Fifty car crashes blocked highways during the sudden, punishing snowfall.

University senior Jen Wechout said her usual 15-minute drive to campus took two hours Monday because of a snowstorm.

“I couldn’t even see 15 feet in front of me,” she said.

A storm affected both driving conditions and the parking situation Monday in the Twin Cities, which coincided with the Metro Transit strike.

“There are more cars out there and there are more cars out there to get in trouble with each other,” said Craig Wilkins, information officer for the Minnesota Department of Transportation.

According to the department, 50 crashes occurred Monday between 9 a.m. and 1 p.m.

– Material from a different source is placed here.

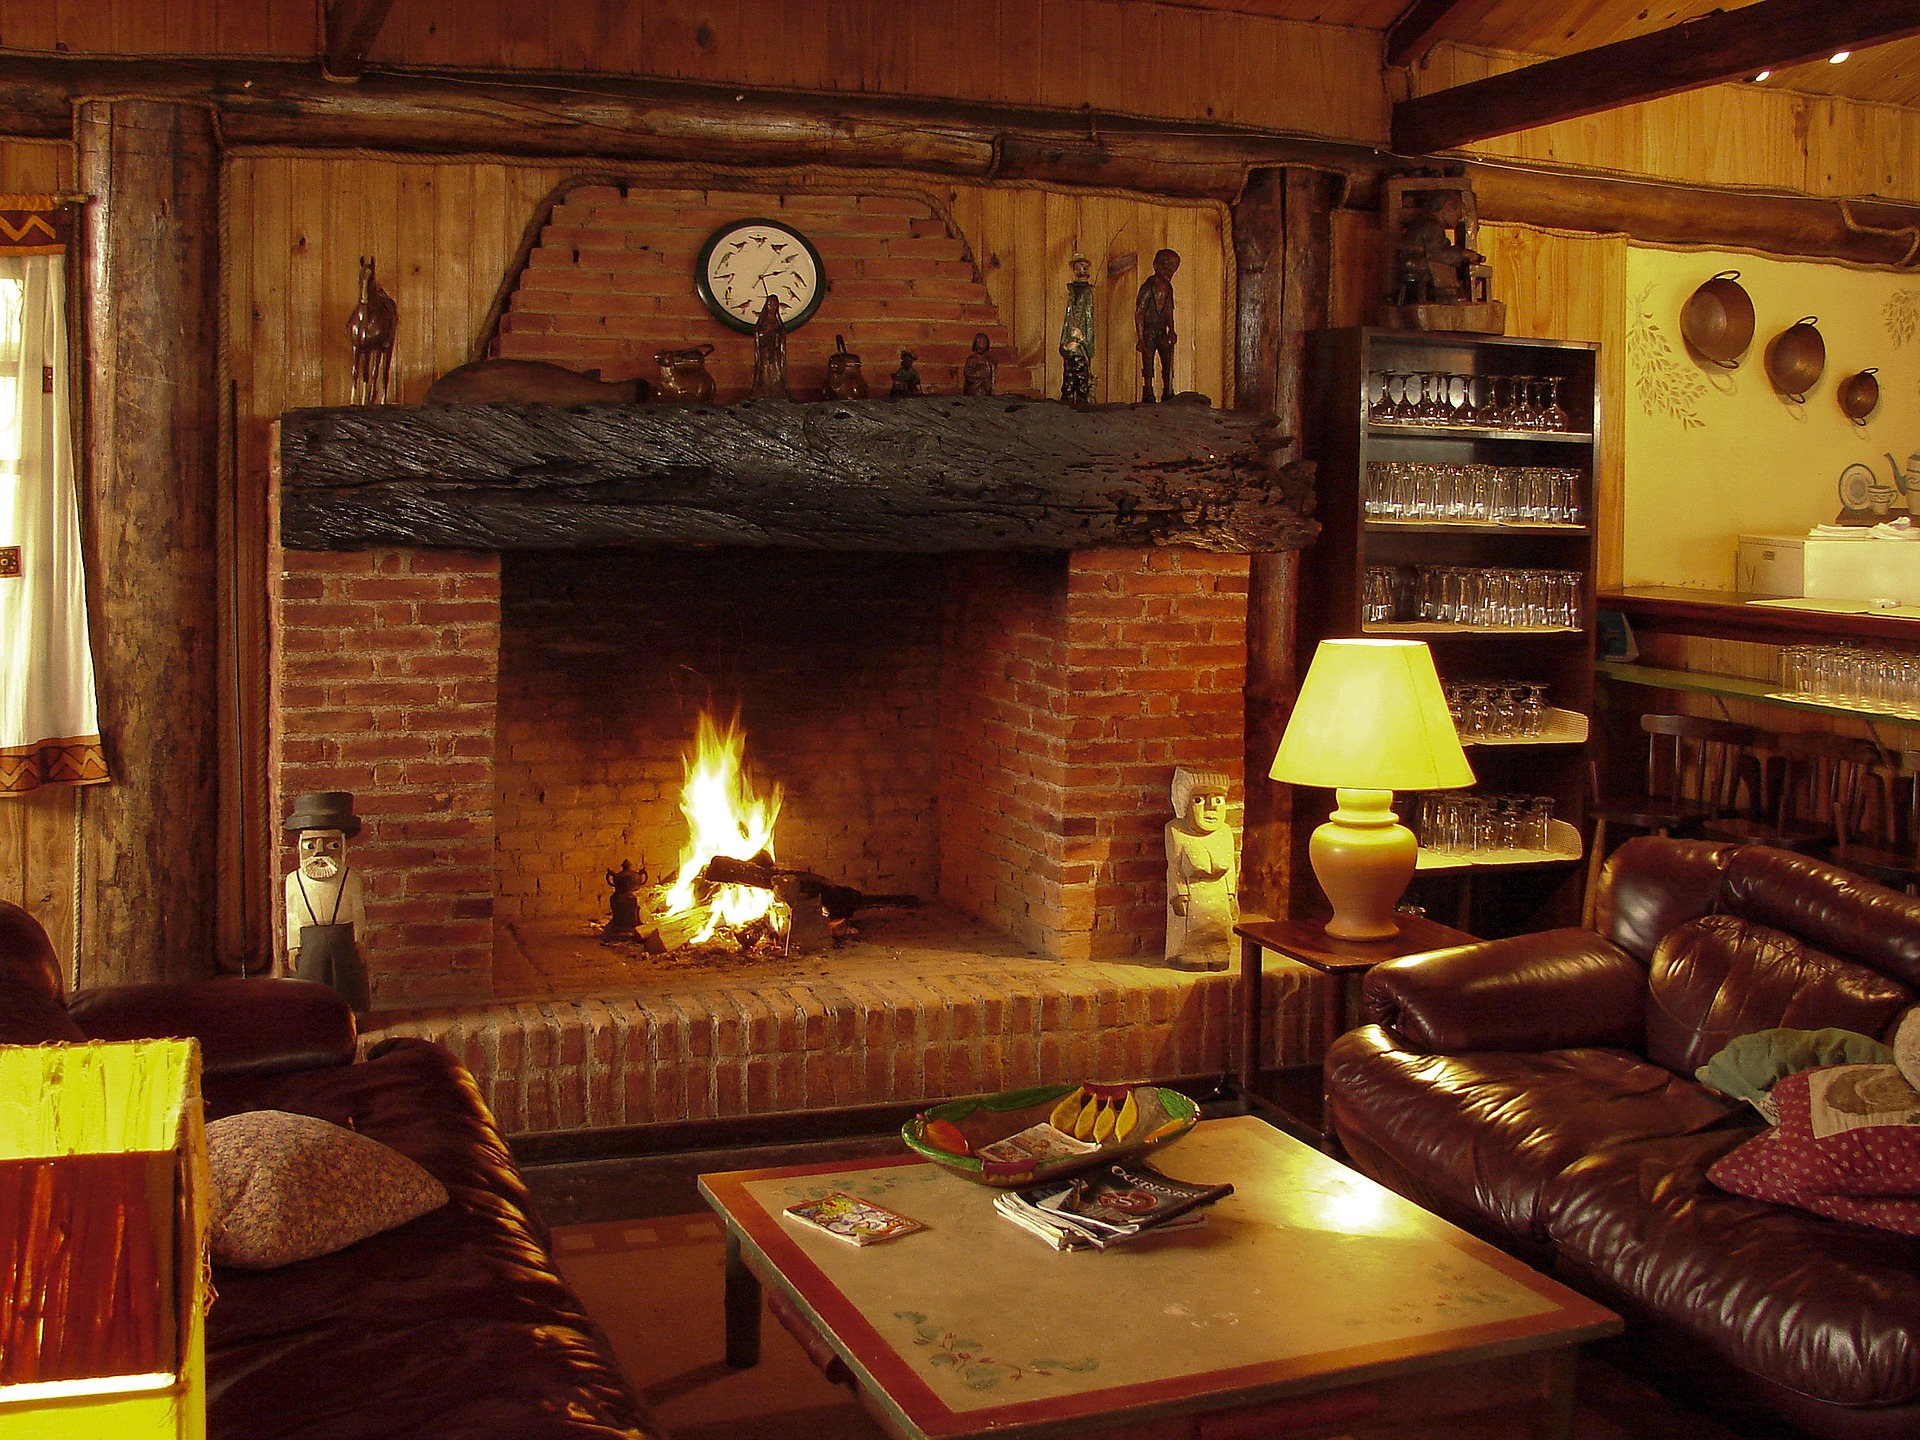 fireplace-1741208_1920.jpg

A total of 3 inches of snow fell in the metro area Monday, according to the National Weather Service. The intersections of Interstate 94 heading westbound at Interstate 280 and I-94 heading westbound at White Bear Avenue were closed. All exits to those areas were also closed.

Nick Thompson, operations manager for the Minnesota Department of Transportation’s Regional Transportation Management Center, said there were no fatalities reported and an unknown number of injuries.

“This was a pretty bad sudden storm,” Thompson said.

He said one of the worst storms this winter was Super Bowl Sunday, when there were 200 car crashes.

“It caught some people by surprise,” he said.

With more cars on the road, there were also more cars parking on campus Monday.

Lori Ann Vicich, marketing manager for Parking and Transportation Services, said Mondays are usually busier than other days and that the transit strike arrived at a somewhat convenient time.

“Thursday (the first day of the strike) was kind of a fluke,” she said. “People had plans and the weather cooperated.”

Monday, the Buckeye lot on Huron Boulevard filled by 8 a.m. Vicich said it might have filled quicker than usual because snow covers lines and people can’t see where to park, reducing parking spaces.

Vicich also said bad weather causes less people to want to walk or ride their bike.

“On a day when the weather’s bad, it’s tough,” she said.

As long as people continue to be resourceful, the transit strike will not affect the ample parking available on campus, Vicich said.

The National Weather Service predicts a chance of snow Today and Wednesday.

– Derek Olson contributed to this report.